In the Hertzsprung–Russell diagram, Alpha Persei lies inside the region in which Cepheid variables are found. It is thus useful in the study of these stars, which are important standard candles. Despite Mirfak being not a Cepheid, Hipparcos photometry show a 0.006-magnitude variation with a period of 9.5 days.

== Search for planets ==
Alpha Persei has periodic radial velocity variations, with an amplitude of 70.8 ± 1.6 m/s. These variations are of uncertain origin; a 2012 study considered the possibility of them being caused by an orbiting exoplanet, estimated to have a minimum mass of approximately 6.6 times that of Jupiter and an orbital period of 128 days, but the claimed period may not be stable over 20 years so the exoplanet was considered doubtful. The authors suggested rotational modulation due to surface activity such as starspots as a more likely explanation of the radial velocity variations. In previous publications, periodic radial velocity variations of 87.7 or 77.7 days have been reported, but these have not been confirmed.
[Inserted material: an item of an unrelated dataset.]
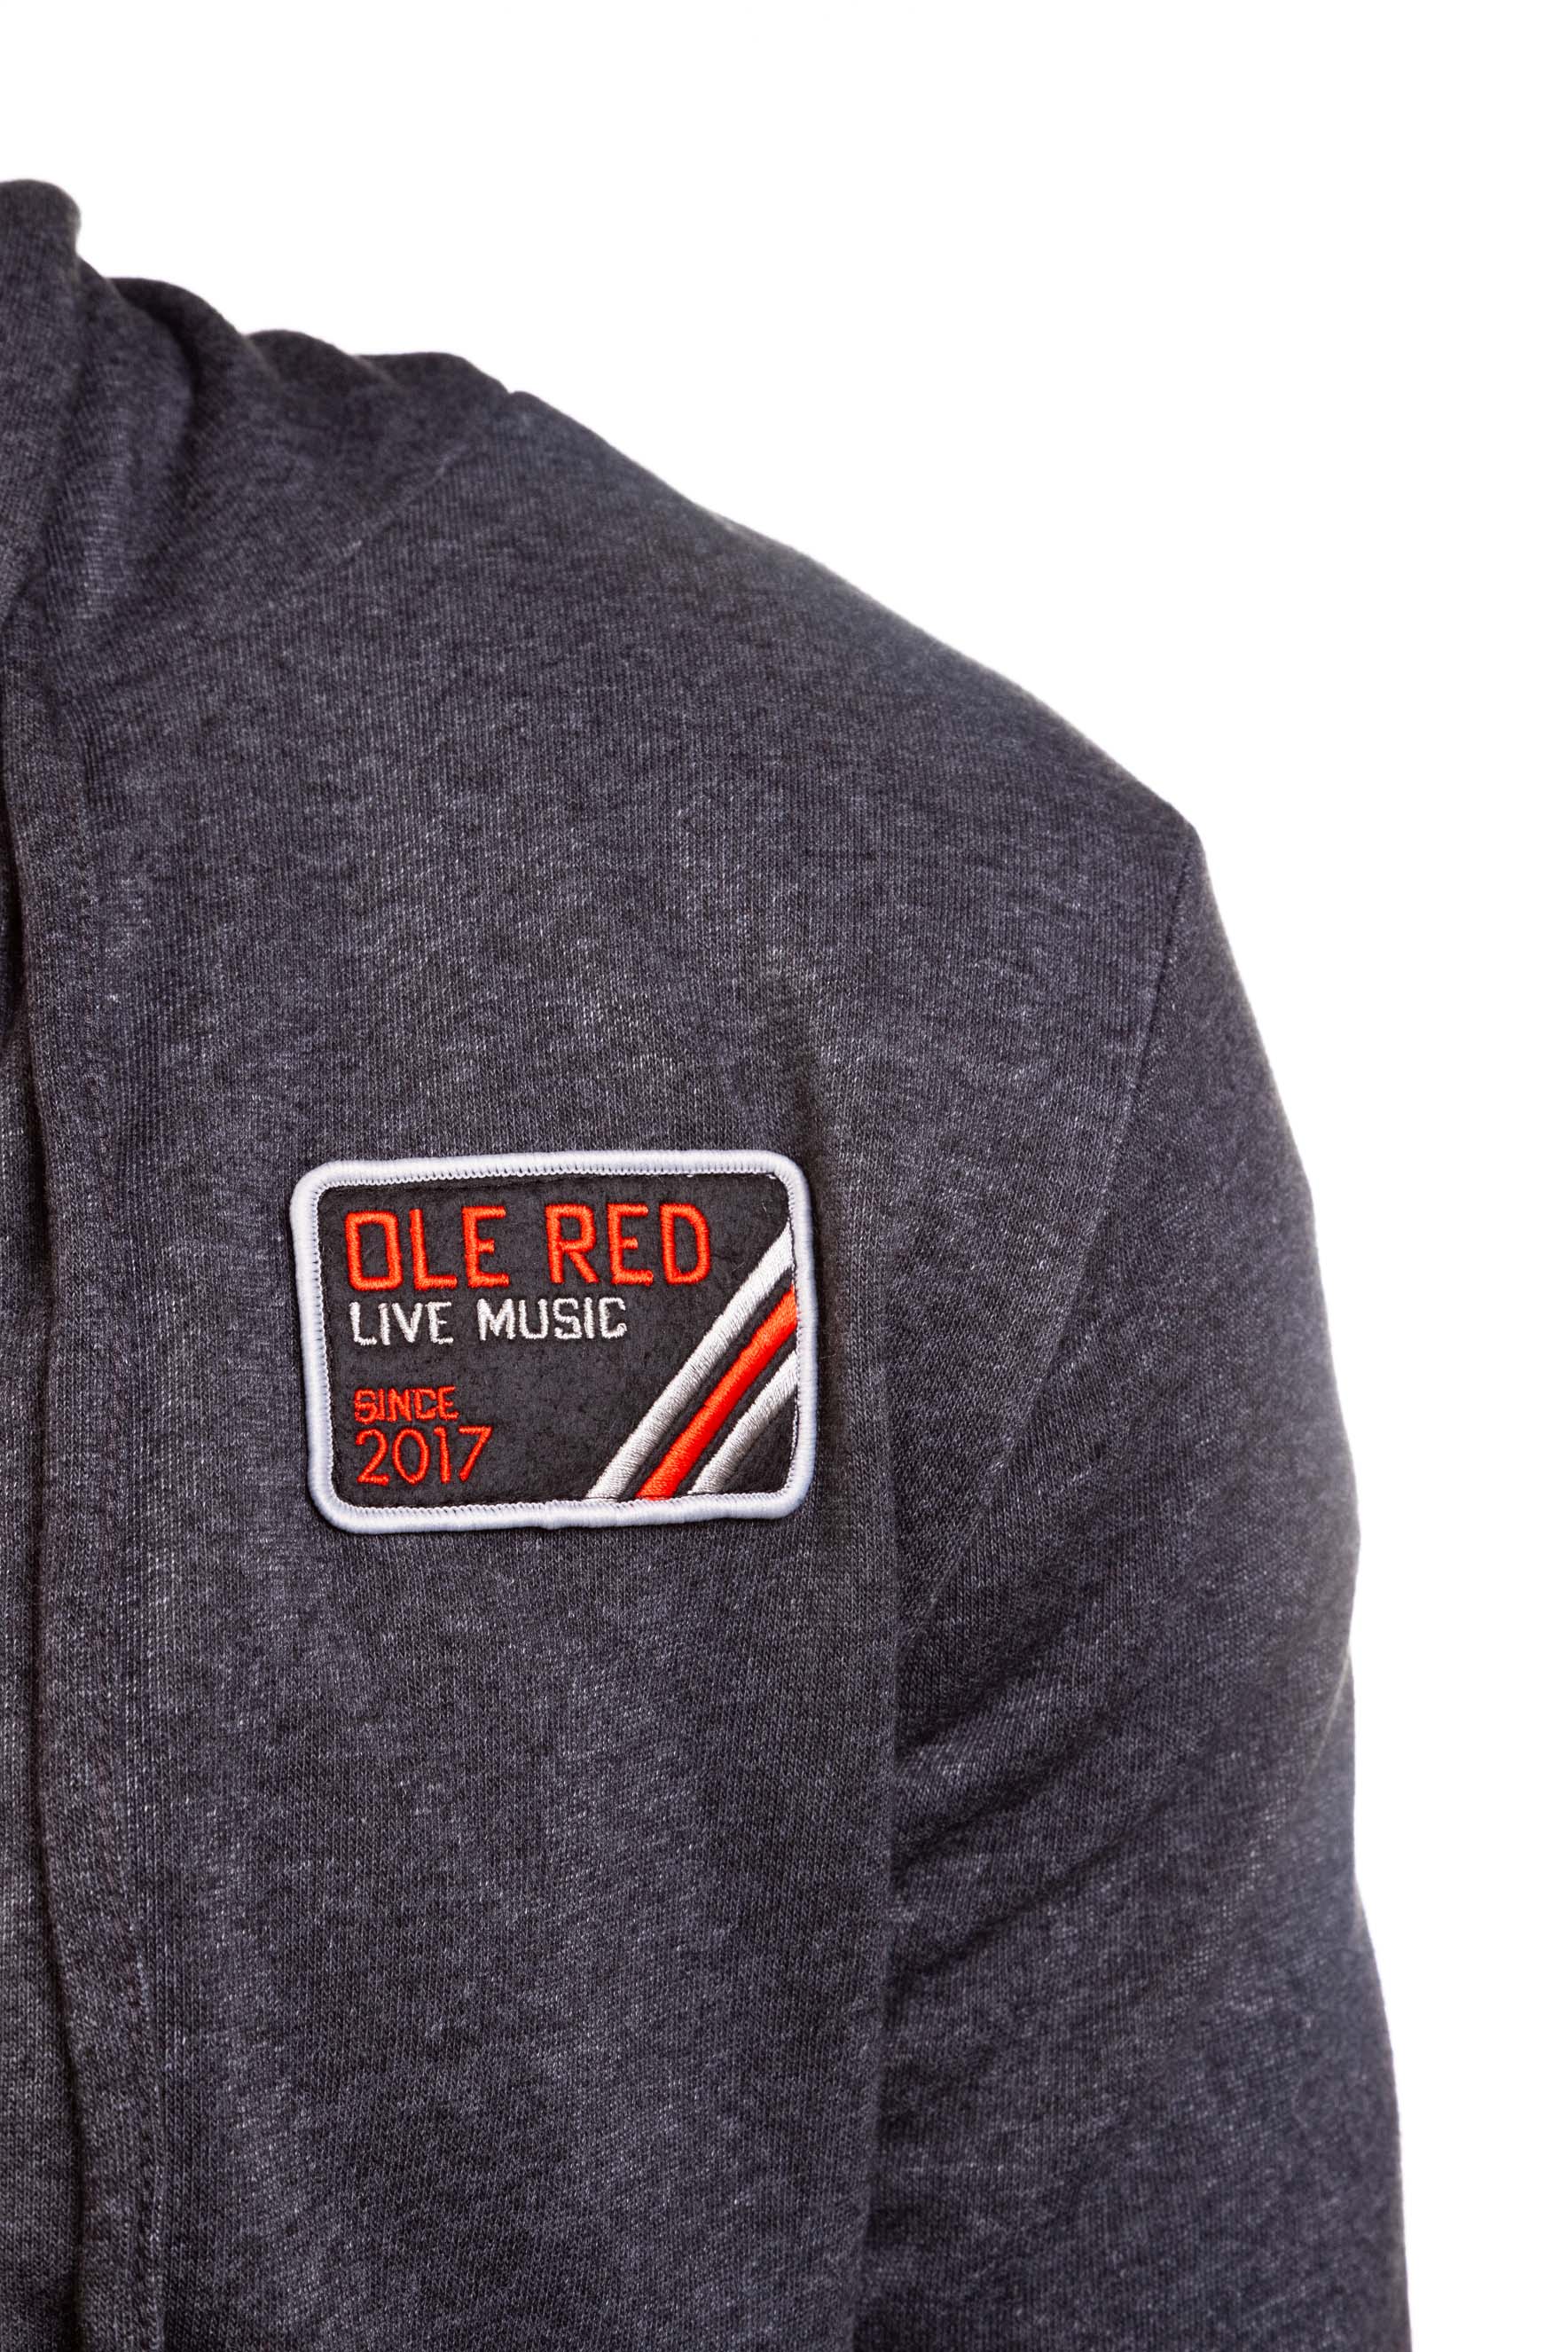 Ole Red Patch Zip Hoodie

A further study, published in 2025, analysing radial velocity observations, found that the period of ~130 days weakened and disappeared during a time, while a 66-day period appeared. The hypothesis of a planet around Mirfak can now be discarded, considering the period changes over time. Variations with periods of 9.8 and 77.7 days, reported in previous studies, have not been detected. The most reasonable explanation to the radial velocity variations is stellar oscillations.